- Task statement -
Set down the final stretch of the data, from the line that holds "The book's cover" through the last line, both included, with pictures left out.

- Provided material -
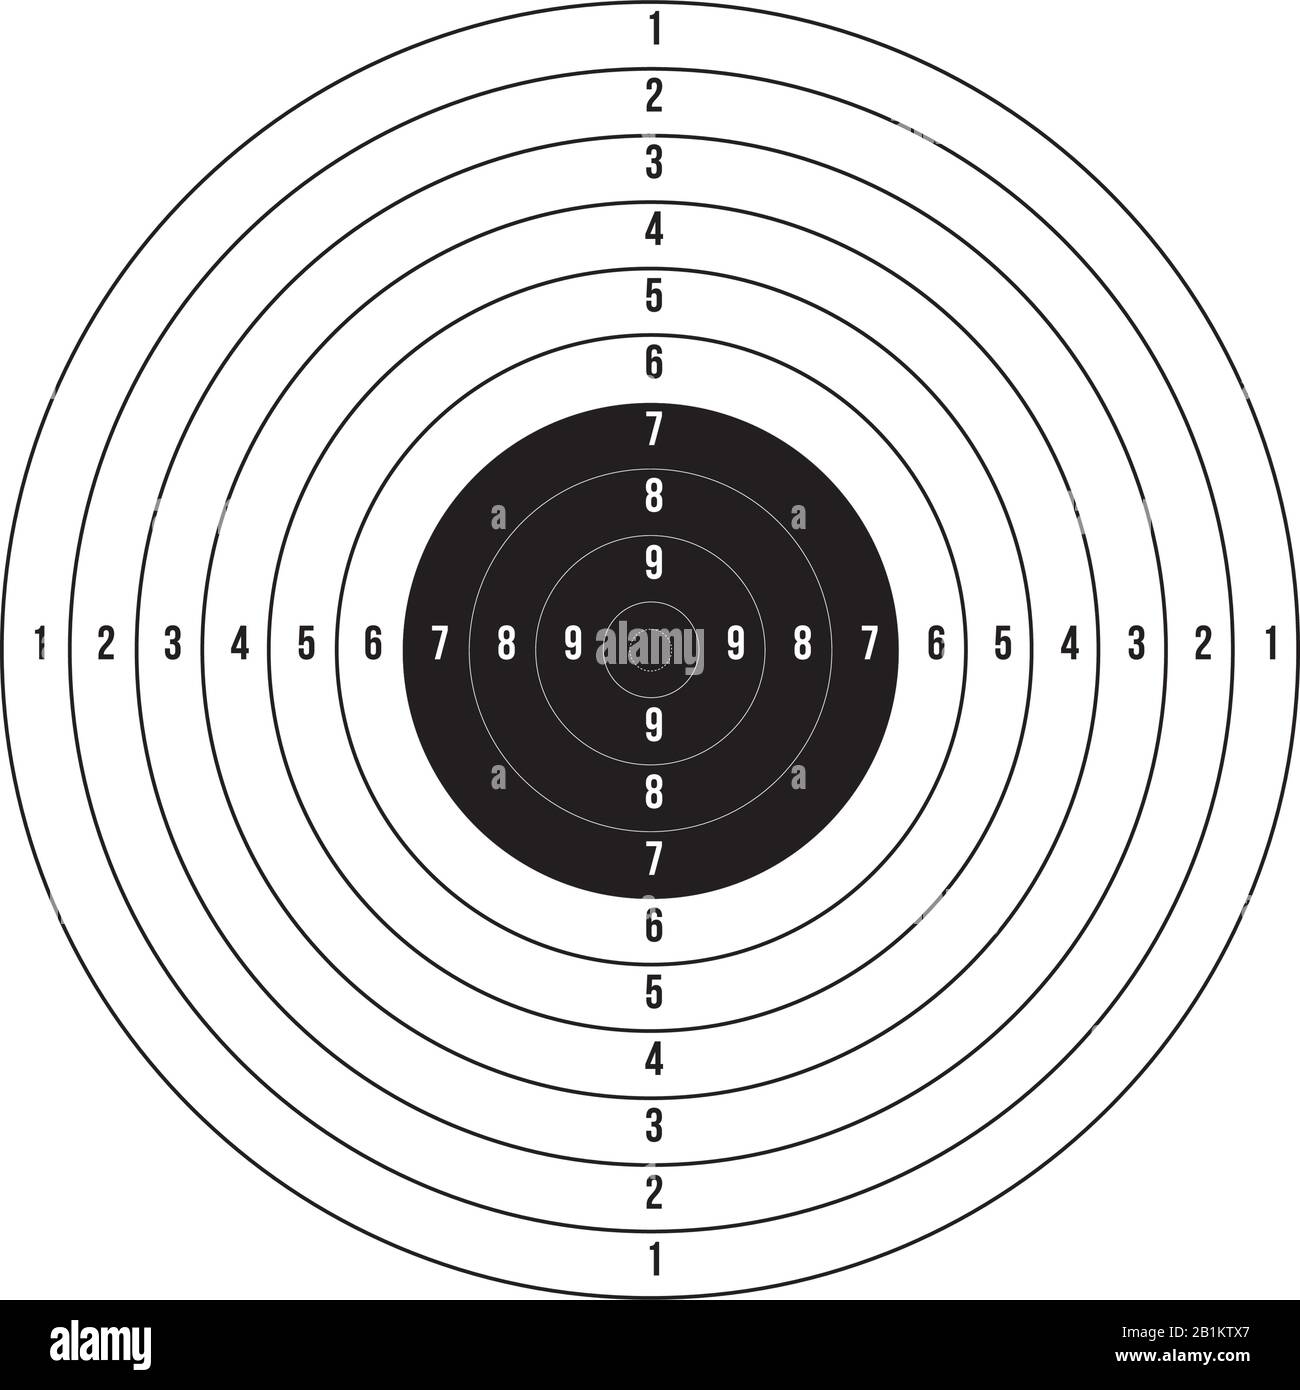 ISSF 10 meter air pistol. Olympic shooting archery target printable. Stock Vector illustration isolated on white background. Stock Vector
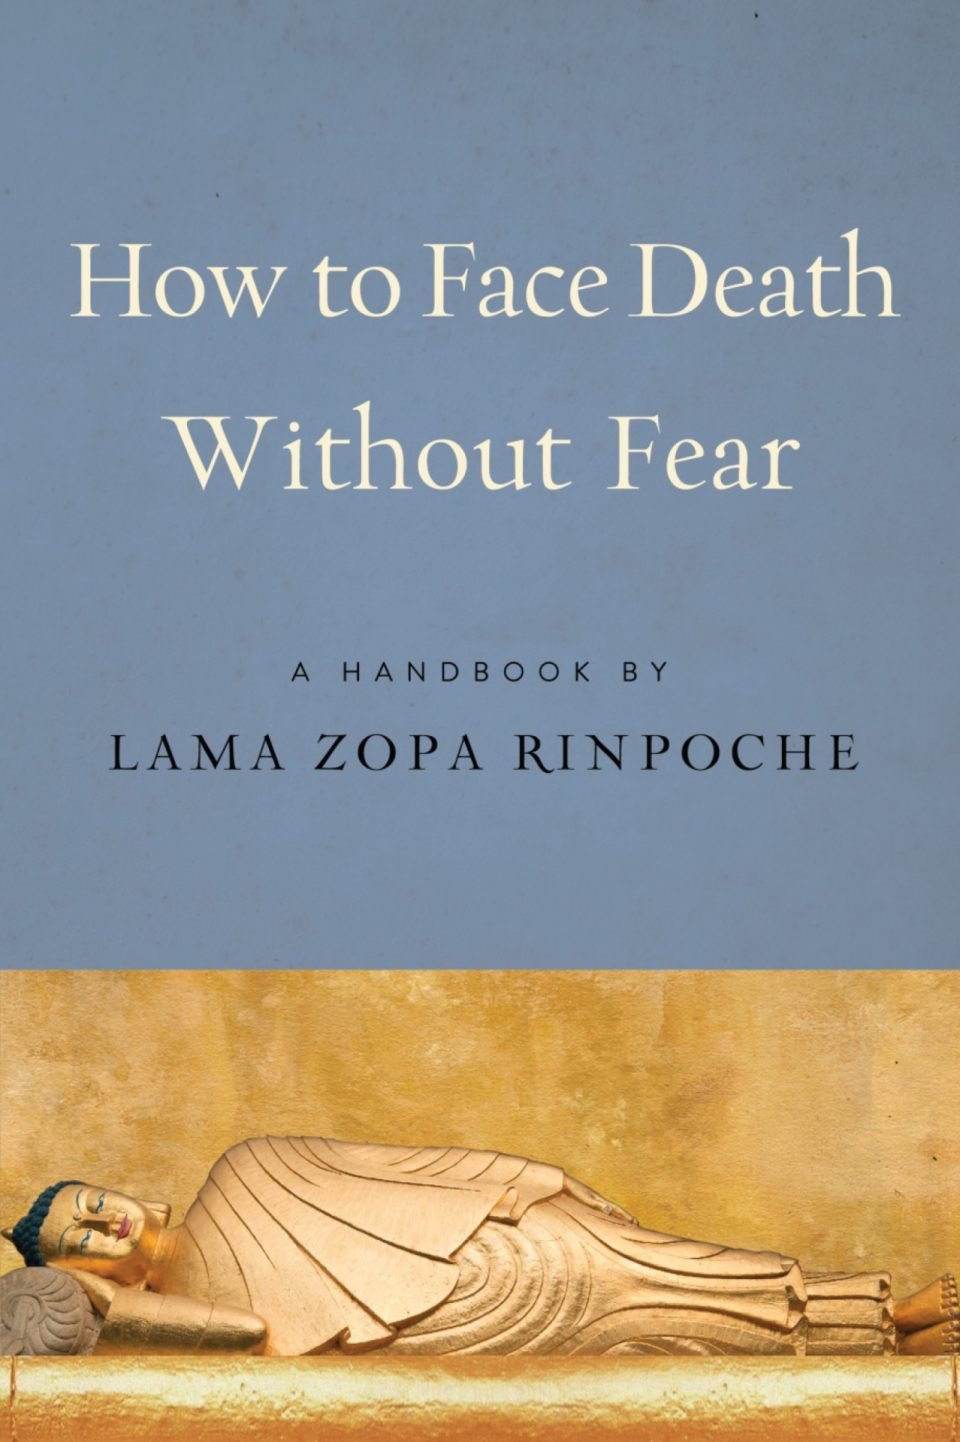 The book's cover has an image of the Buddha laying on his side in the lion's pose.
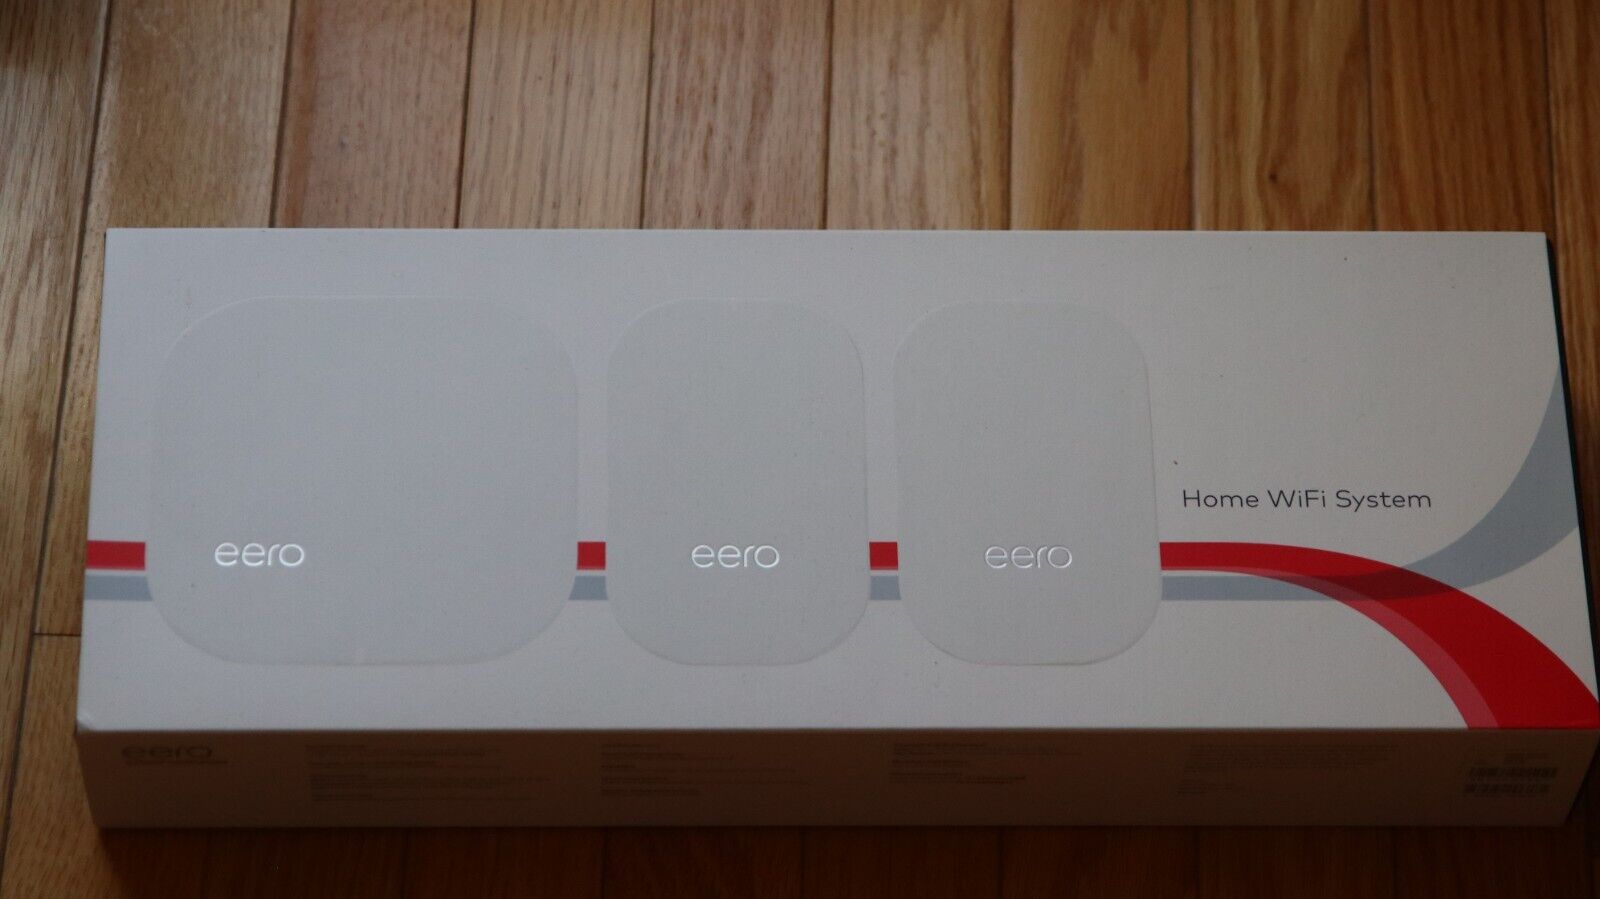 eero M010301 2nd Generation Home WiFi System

- Written response -
 The book's cover has an image of the Buddha laying on his side in the lion's pose.
 eero M010301 2nd Generation Home WiFi System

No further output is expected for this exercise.